The Boone County Courthouse, located in Boone, Iowa, United States, was built in 1917. It was listed on the National Register of Historic Places in 1981 as a part of the County Courthouses in Iowa Thematic Resource. The courthouse is the third building the county has used for court functions and county administration.

==History==
The first county seat for Boone County was located in Boonesboro, and a double log house was used for court purposes. It was the first building constructed in town after it was declared the county seat in 1851. The first building to properly be called a courthouse was a two-story building constructed in 1856 at a cost of $2,100. When it was decided to build a new courthouse the town of Montana desired the new structure be built there. After two votes Boonesboro retained the county seat and a three-story brick courthouse was completed in 1868 for $35,000. It featured prominent porticos with full-height columns and a central tower capped with a dome that rose 68 ft above the ground. Amateur artists frescoed the walls over the years. Meanwhile, the town of Montana continued to grow and expand and changed its name to Boone and incorporated what had been Boonesboro in 1892.

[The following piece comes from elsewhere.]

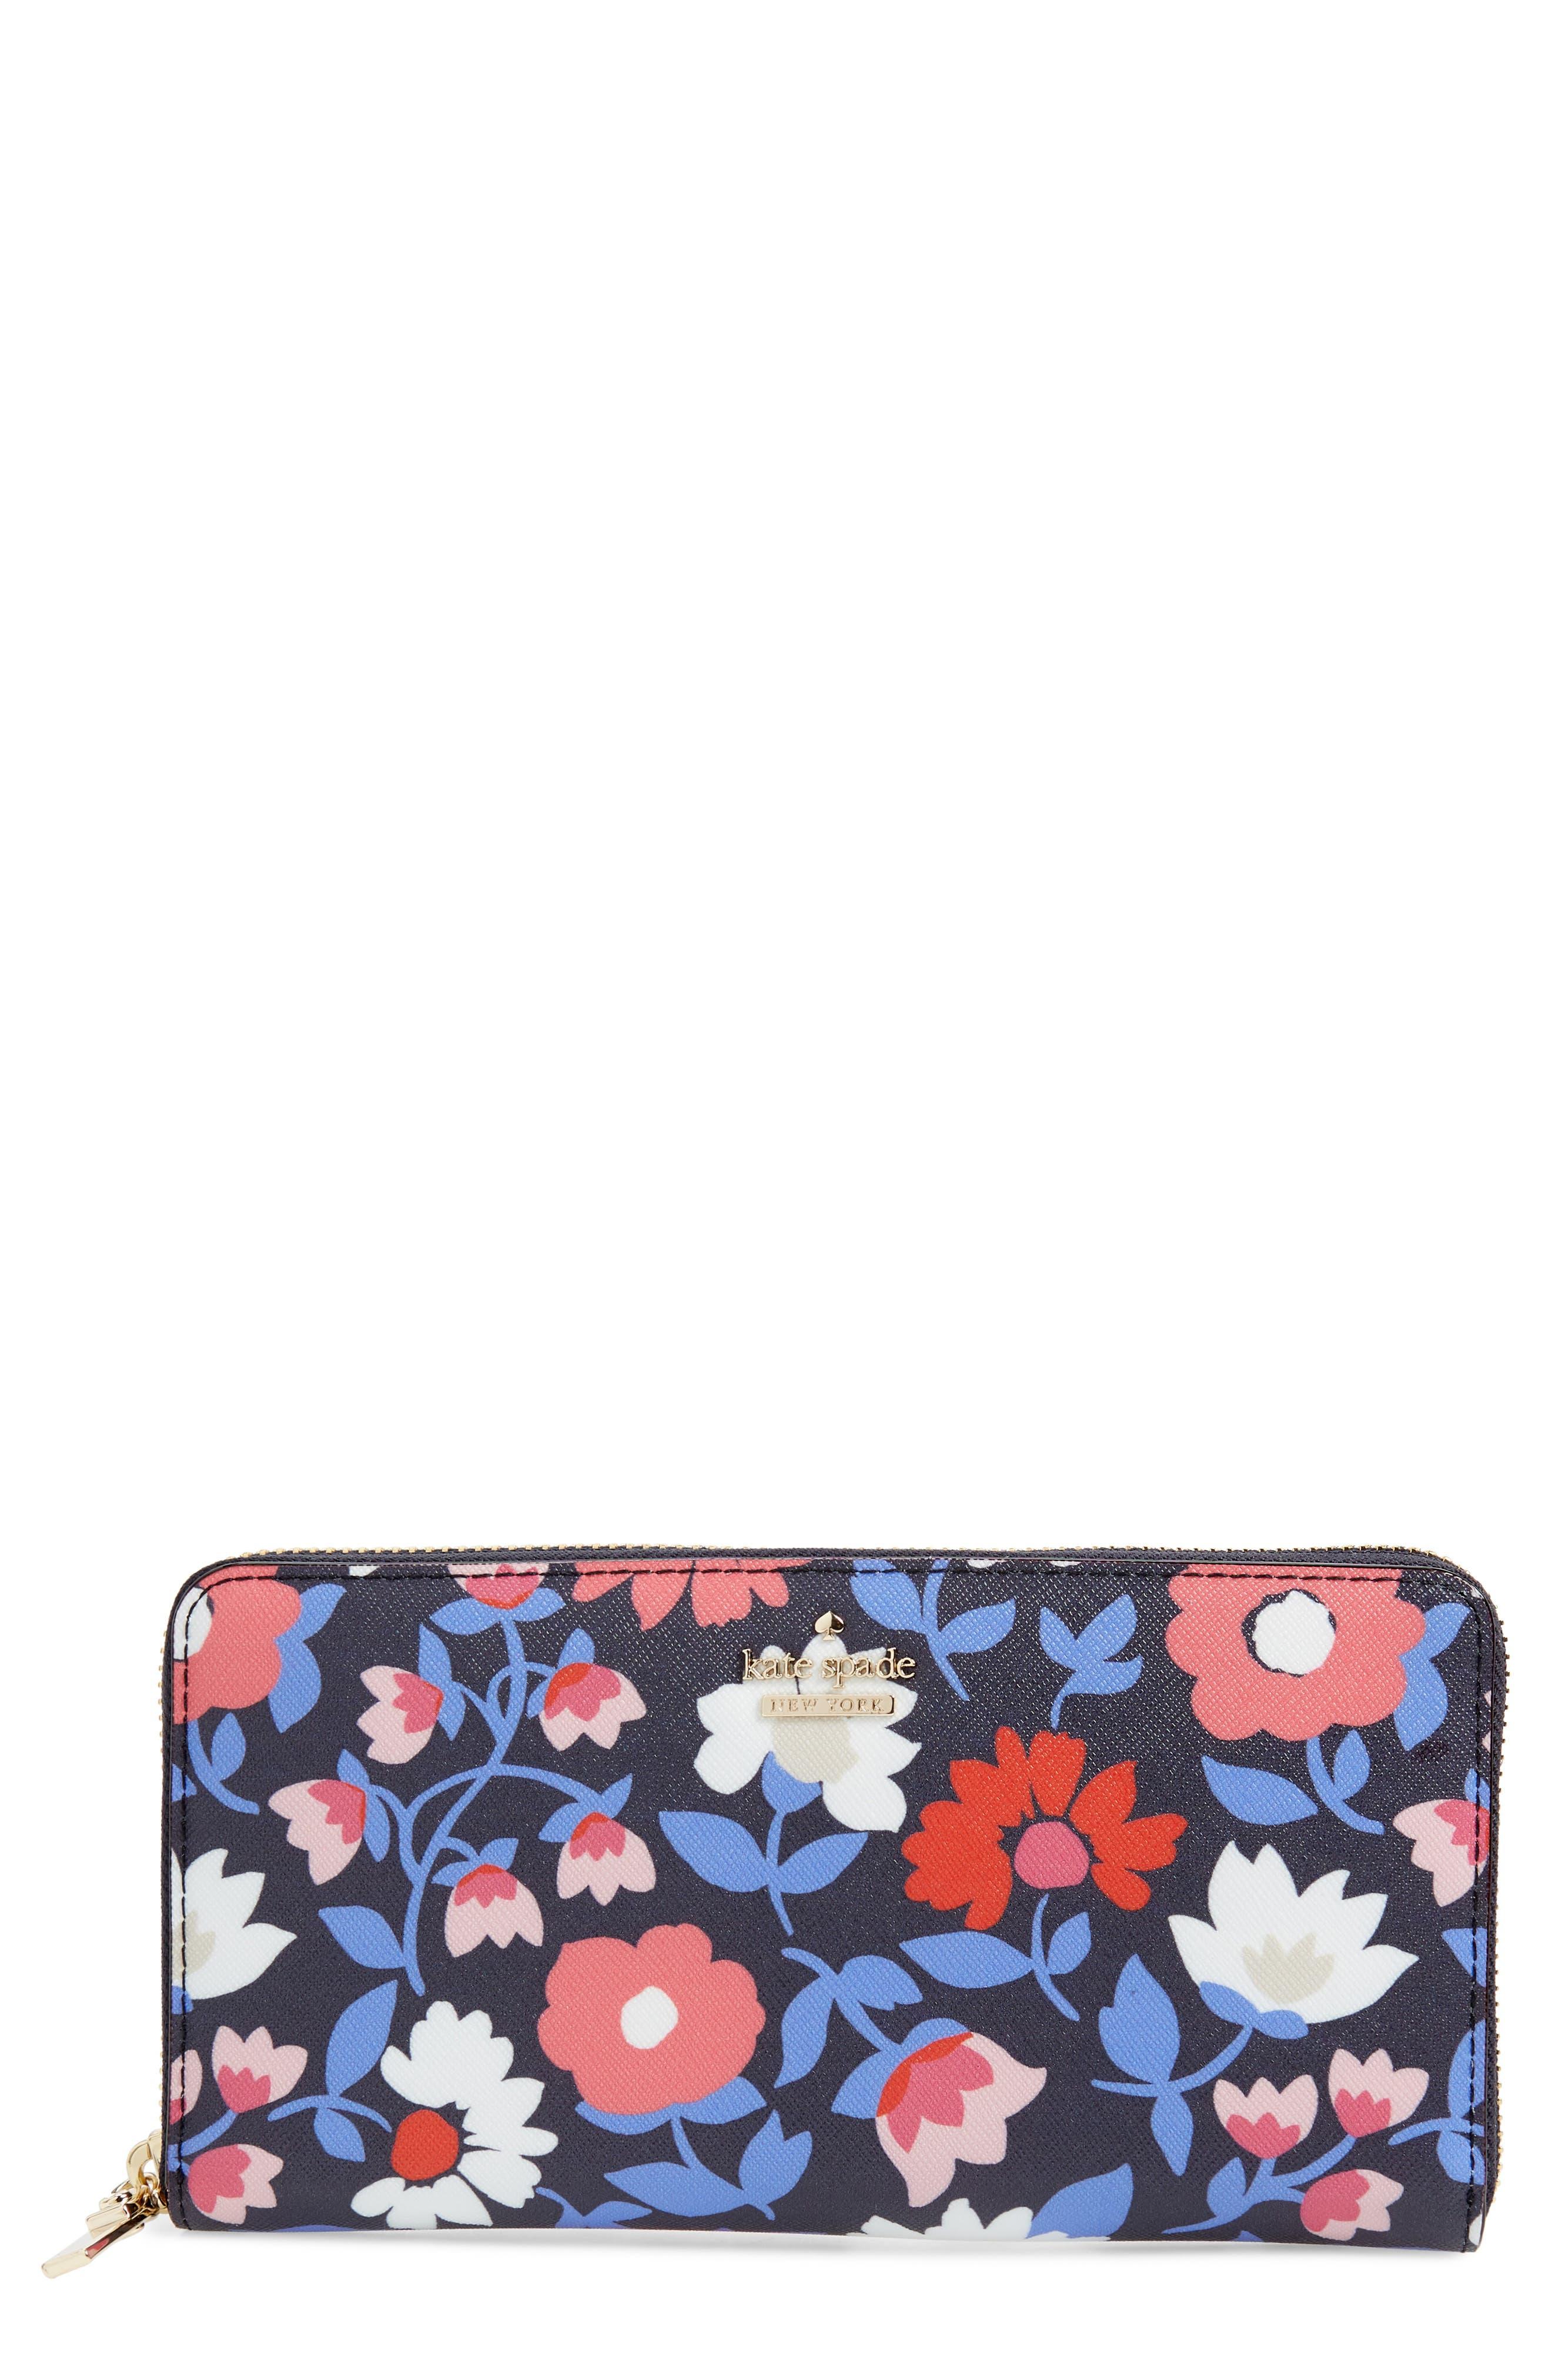 cameron street - daisy lacey zip around wallet,                             Main thumbnail 1, color,                             650

Space in the old courthouse had become insufficient so plans were made for a new courthouse. The present courthouse was completed in 1917 for $250,000. The Renaissance Revival building was designed by Des Moines architect Norman T. Vorse. It features marble walls, terrazzo floors, coffered ceilings, and stained glass skylights. On the exterior of the main facade, eight columns in antis are located between the windows on the two upper floors. The columns have capitals in the Corinthian order. A dentilated cornice circles the building. The courthouse's significance is derived from its association with county government, and the political power and prestige of Boone as the county seat.